Она метнула на него сердитый взгляд:
- Ты первый начал, так что не обижайся на то, что я тебе скажу. Иногда у меня возникает мысль: раз ты не раскрываешься до конца в постели, раз не проявляешься целиком, возможно, ты не мужчина и во всем остальном. Что станет вершиной твоей жизни, когда мы вернемся? Работа в фирме дяди Дода за двенадцать тысяч в год?
Джон растерялся.
- Линда, мне... ужасно не нравится то, о чем ты говоришь, не мне претит ссориться с тобой.
Она встала на колени и быстро поцеловала его - легко прикоснулась к губам.
- Бедный старина Джонни. Ты просто женился на девке, вот и все. На девке с ангельской, невинной внешностью. Именно благодаря внешности я и заполучила работу модели, именно благодаря моей благопристойной внешности мне все же удалось умаслить твоих родственников. Но поверь мне, милый, я намерена исправить тебя в данном конкретном отношении. И я хочу, чтобы ты пообещал, что поможешь мне. - Она придвинулась чуточку ближе, прижавшись грудью к его плечу, и начала медленно ласкать его, проказливо улыбаясь. - Знаешь, милый, у тебя все получится. Я избавилась от застенчивости, когда начала говорить о ней вслух.
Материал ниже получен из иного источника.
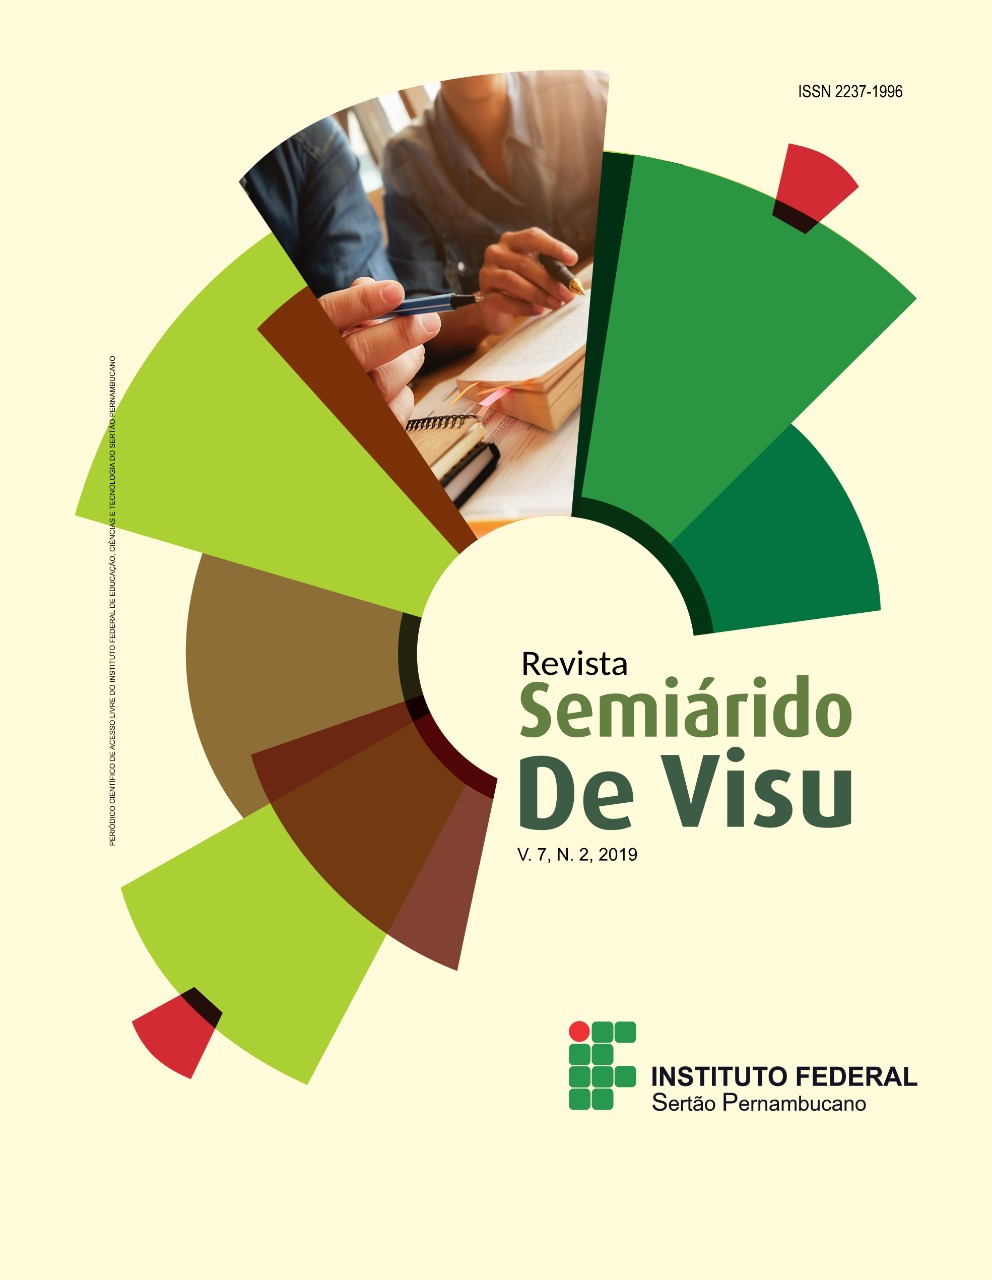 					Visualizar v. 7 n. 2 (2019): Revista Semiárido De Visu - v. 7, n. 2, 2019
				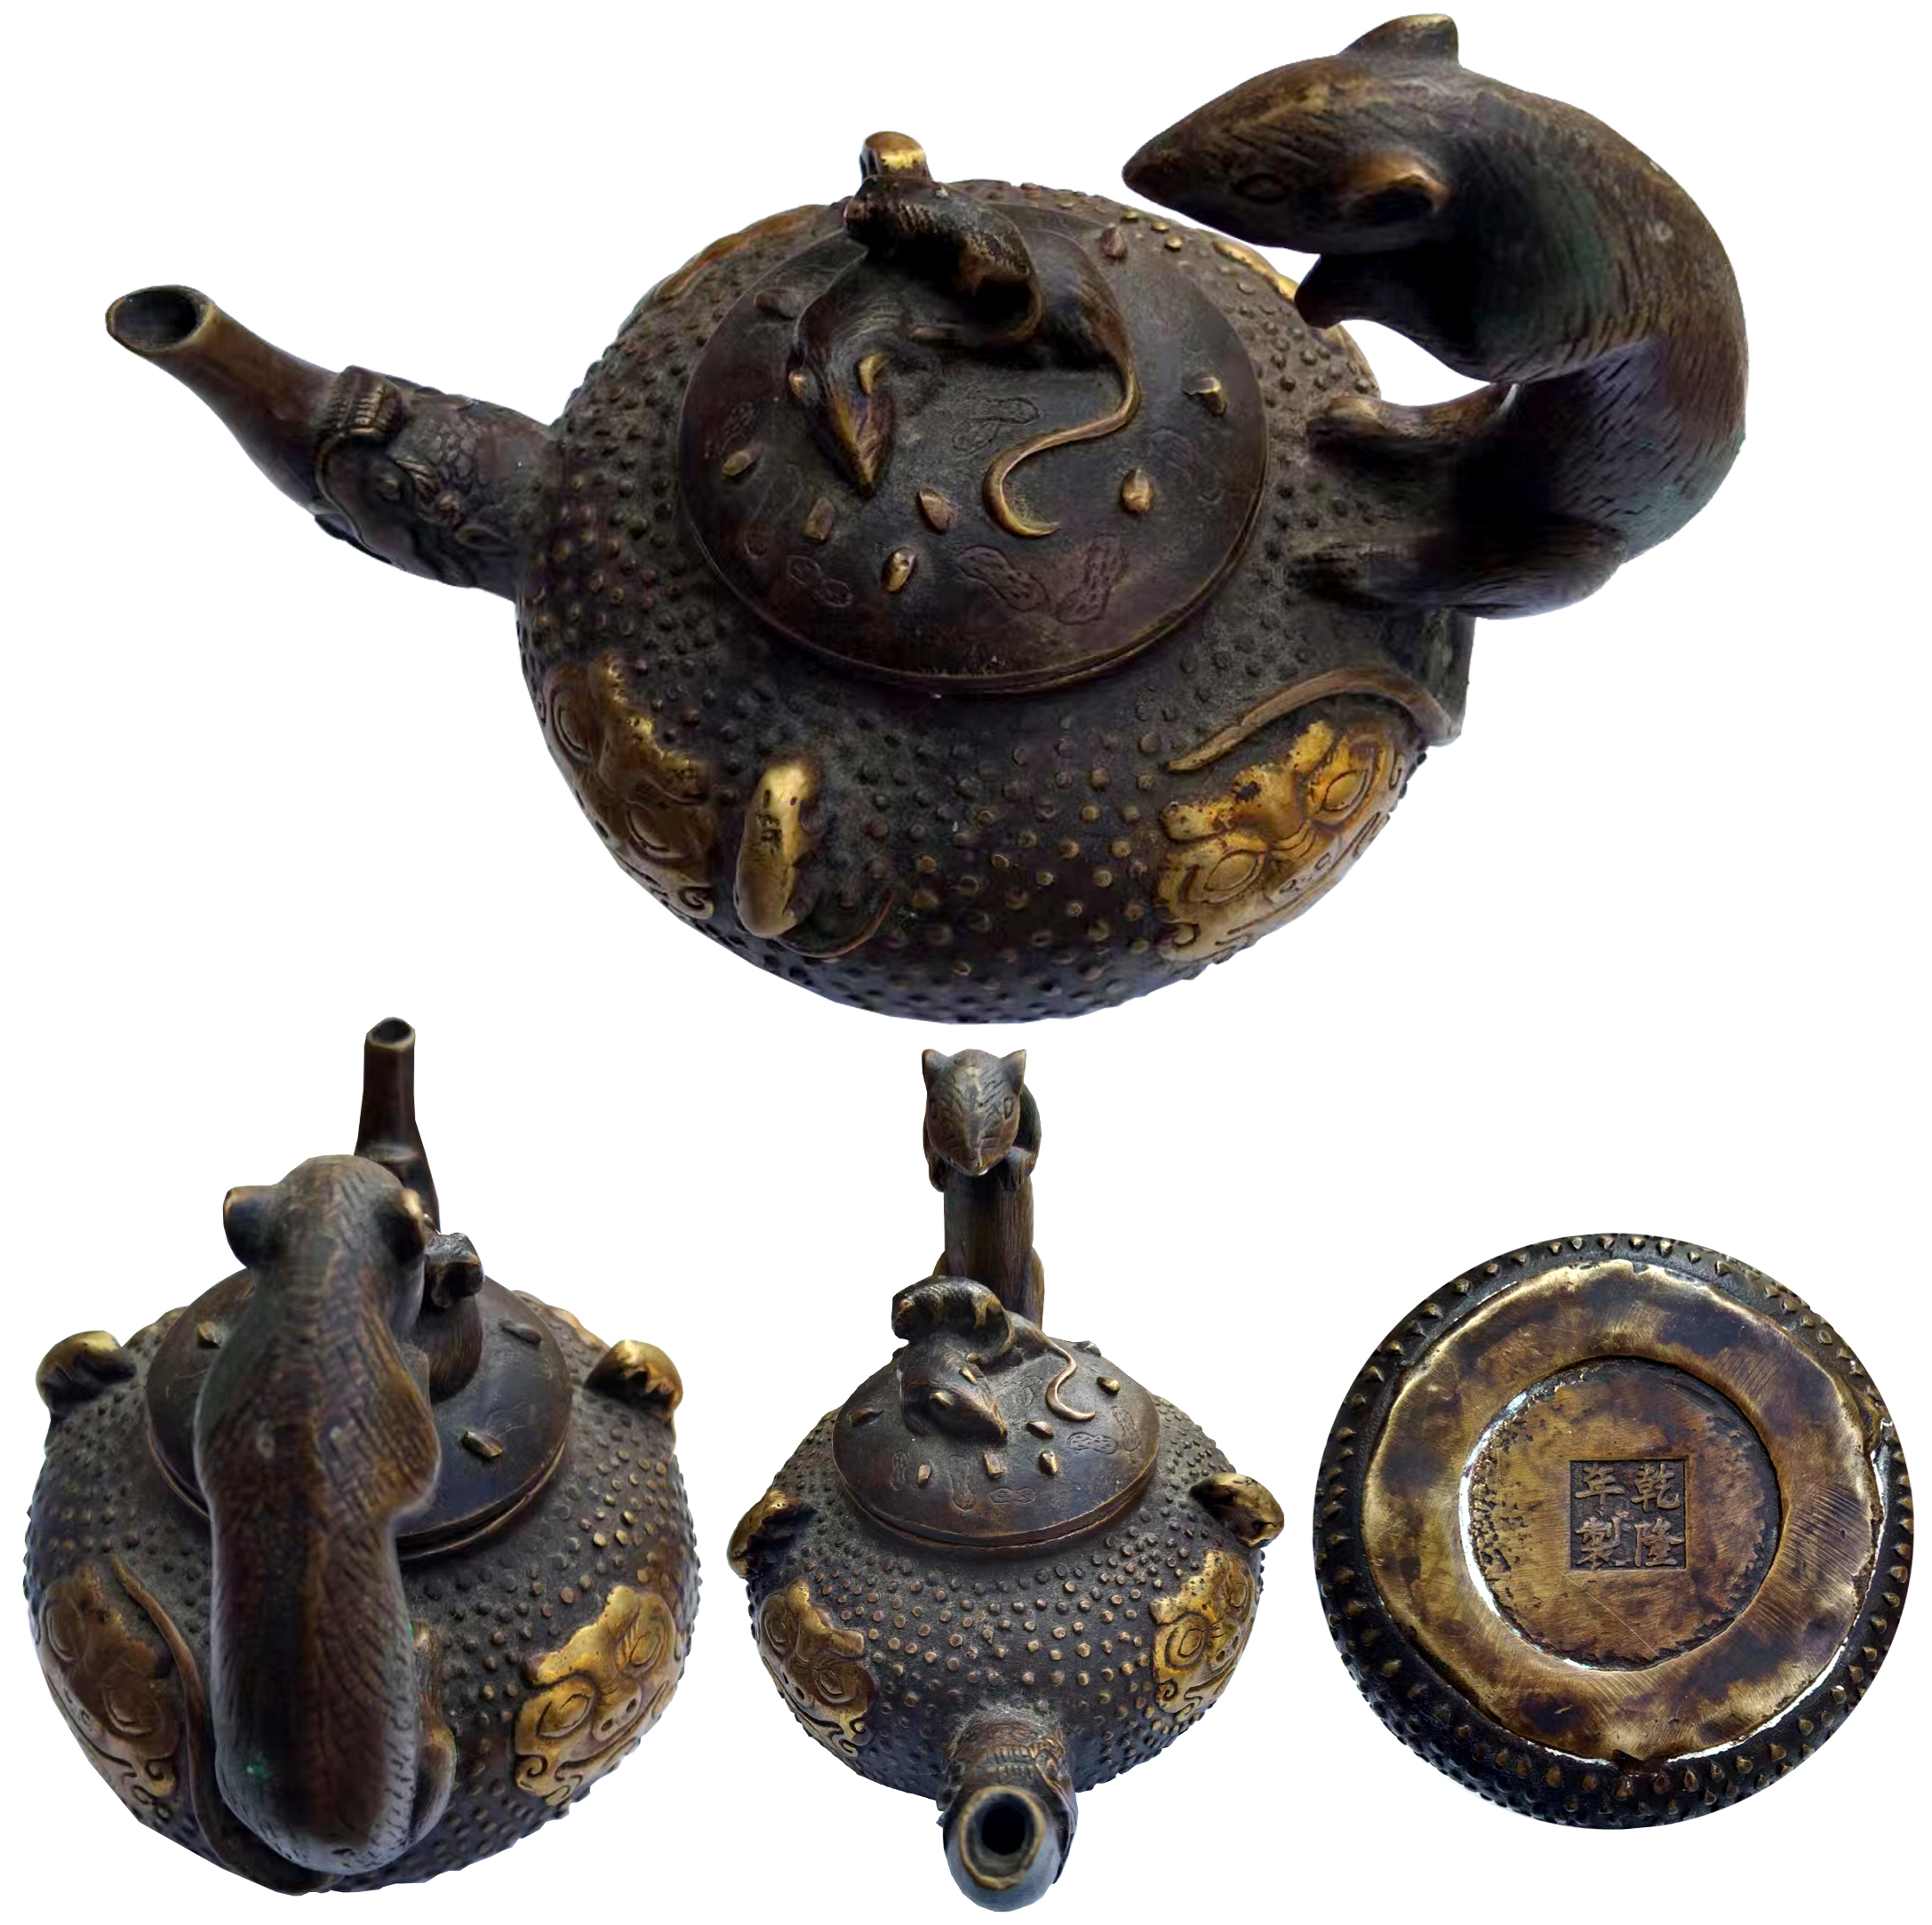 乾隆年制铜鎏金鼠柄纹执壶

Он захотел ее, захотел овладеть ею прямо сейчас, и в то же время ему захотелось отодвинуться от ее теплых, настойчивых прикосновений. Придется ей кое-что уяснить для себя... потом, не сейчас. В медовый месяц у всякого есть право делать глупости. Но это не значит, что так будет продолжаться всегда. Джон воровато огляделся по сторонам: вдруг на них кто-нибудь смотрит? Линда снова легла, опершись на локоть, и подтянула колени к животу. Лучше бы она выпрямилась. Когда Линда так лежит, кажется, что у нее пышные, крутые бедра, хотя на самом деле она такая стройная, что выглядит почти хрупкой. Вот еще одно, что потрясало его. Когда они были вместе в первый раз, он боялся, что ей будет больно, боялся сломать ее. Но за кажущейся хрупкостью таились такая гибкость и сила, что он был потрясен.
Пройдет немного времени, ее пыл охладится, и она станет относиться к постели так, как и положено добропорядочной жене. Если у мужа появляется охота к более острым ощущениям и непристойностям, то ведь для этого существуют шлюхи. Брачная постель - не место для извращений и распутства. А экспериментировать в постели... что ж, это, безусловно, необходимо, но лишь для того, чтобы подобрать наиболее подходящий им обоим способ.
Кажется, она вошла во вкус, и ее поведение почему-то коробит его.
Ему бы хотелось, чтобы она ненавидела секс. Тогда потом всякий раз он бы ощущал сладкое раскаяние и униженно извинялся перед нею, молил о прощении за то, что он ее запачкал.
Джон бросил взгляд на их черный «бьюик»-седан.
- Не понимаю, почему мама так упорно не соглашается вылезать из машины. Там, должно быть, настоящее пекло.
- Милый, она скорее согласится сгореть заживо, чем рискнет подцепить какой-нибудь мексиканский микроб.
- Линда, по-моему, у тебя нет никакого права критиковать ее.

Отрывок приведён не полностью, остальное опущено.